A few things I wasn't able to find room for into my Times piece: For one thing, though I haven't yet seen Falls's production, I could tell from that run in the room that it was an extraordinary one, and not just because of the star casting; indeed the entire company, from John Douglas Thompson to Kate Arrington to Stephen Ouimette to Lee Willkof to Salvatore Inzerillo, is comprised actors who could each carry their own shows (and have). Also apparent, even in the rehearsal room, was that Falls has staged each of the play's four acts on a different set--and he assured me in a later interview that this is indeed a departure from how Iceman is usually staged, on a single barroom set. (That "usually" is probably an overstatement, as this behemoth of a work is not frequently mounted at all. It's been on Broadway just four times since its 1946 premiere, and in New York more or less the same number; the famous Jason Robards Jr. production of 1956 ran Off-Broadway but later came to Broadway in 1985.)

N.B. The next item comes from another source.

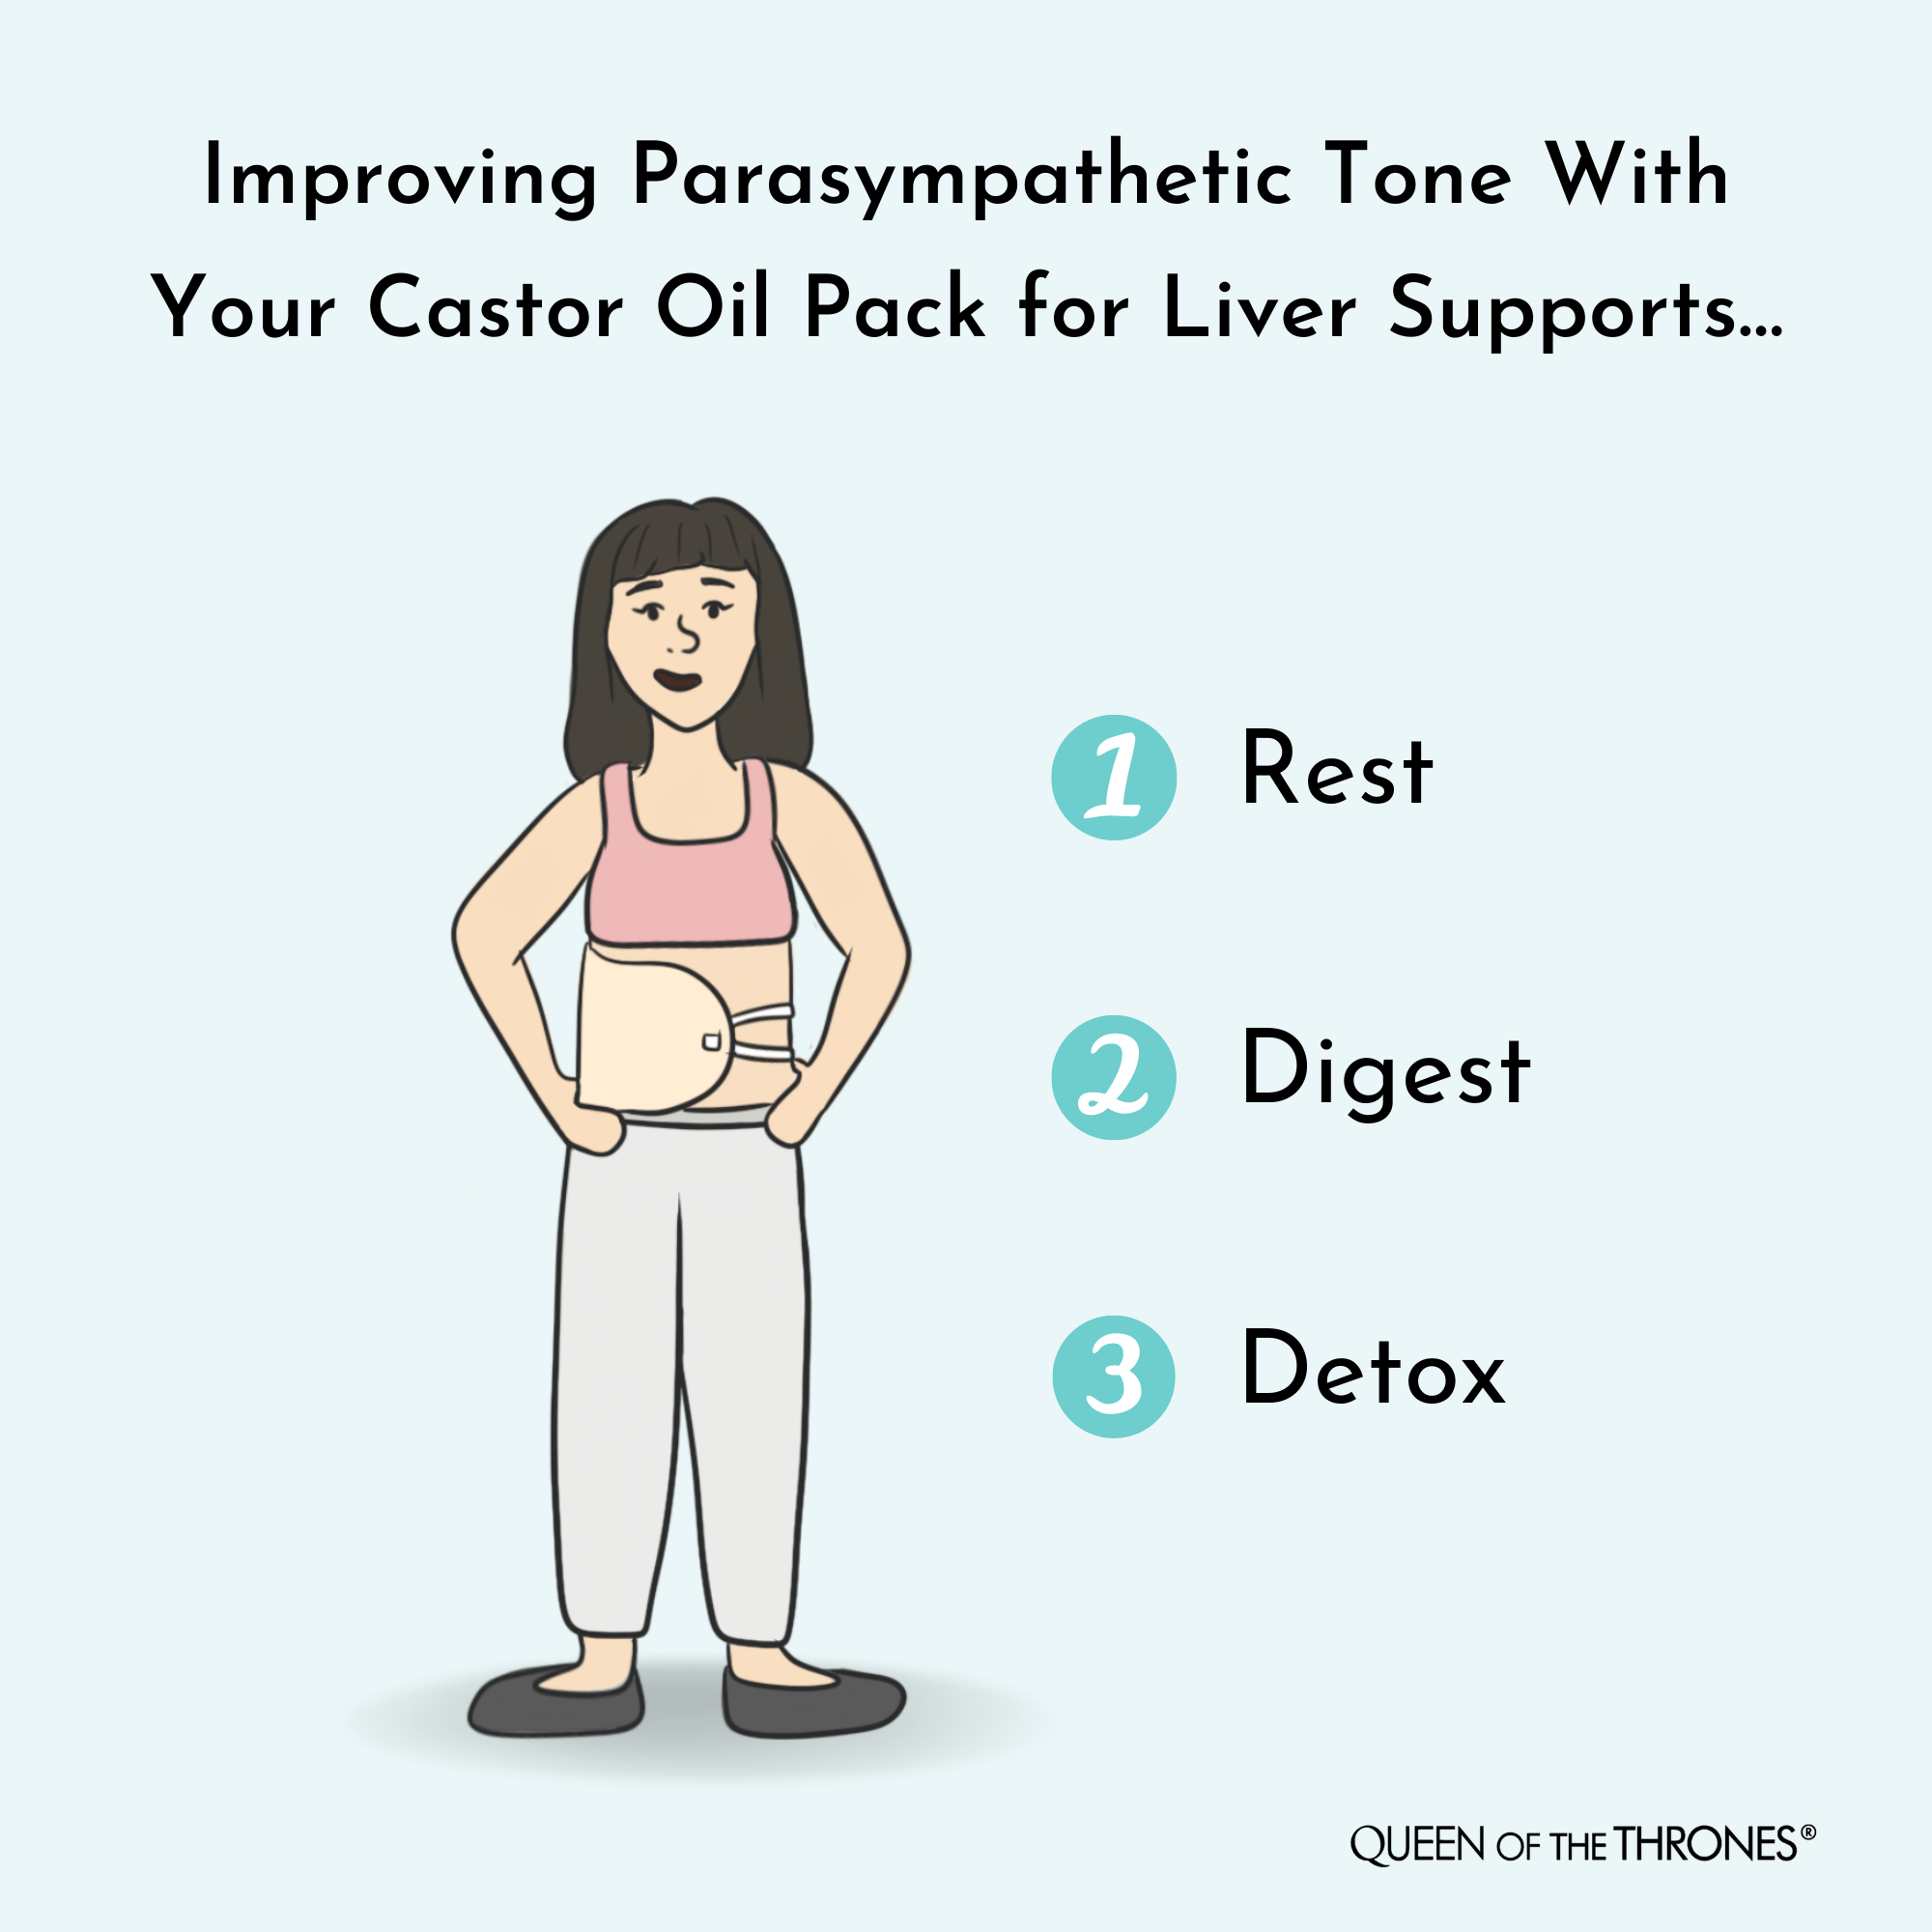 Queen of the Thrones Castor Oil Packs supports digestion and detox

One other detail that would seem to bespeak Falls' authority as an O'Neill specialist--he has staged most of the playwright's major works, a few more than once--is that he's trimmed a whole character, the retired cop Pat McGloin. He did the same cosmetic trim in his 1990 production of Iceman, with Brian Dennehy as Hickey, but told me that no critic then, and no critic of the Goodman's 2012 production, has mentioned it. Duly noted here.

Finally, while both Dennehy and Falls recommended I check out Stephen A. Black's book Beyond Mourning and Tragedy, as well as the indispensable bio by the Gelbs, both also said I should look up an essay by Tony Kushner about O'Neill. I did, but could only find it as an entry in academic journals; I read it via a jstor hookup, and felt the world should have more access to it--it is a beautifully written essay, a definitive defense of one great American dramatist by another. So I reached out to the author, and now you can read Kushner's "The Genius of O'Neill" on the American Theatre website. Key insight:
I can make no claim for O’Neill as one of the great writers, only as one of the greatest playwrights; for these two things, writing and playwriting, are not the same, and O’Neill’s work makes that clearer than any other’s.
Honestly, I went into this assignment an O'Neill agnostic--to be fair, I haven't yet seen his greatest plays in the greatest of productions--but I couldn't have been better prepared, in reporting this piece, to become a believer.

Now, to line up child care for a five-hour play.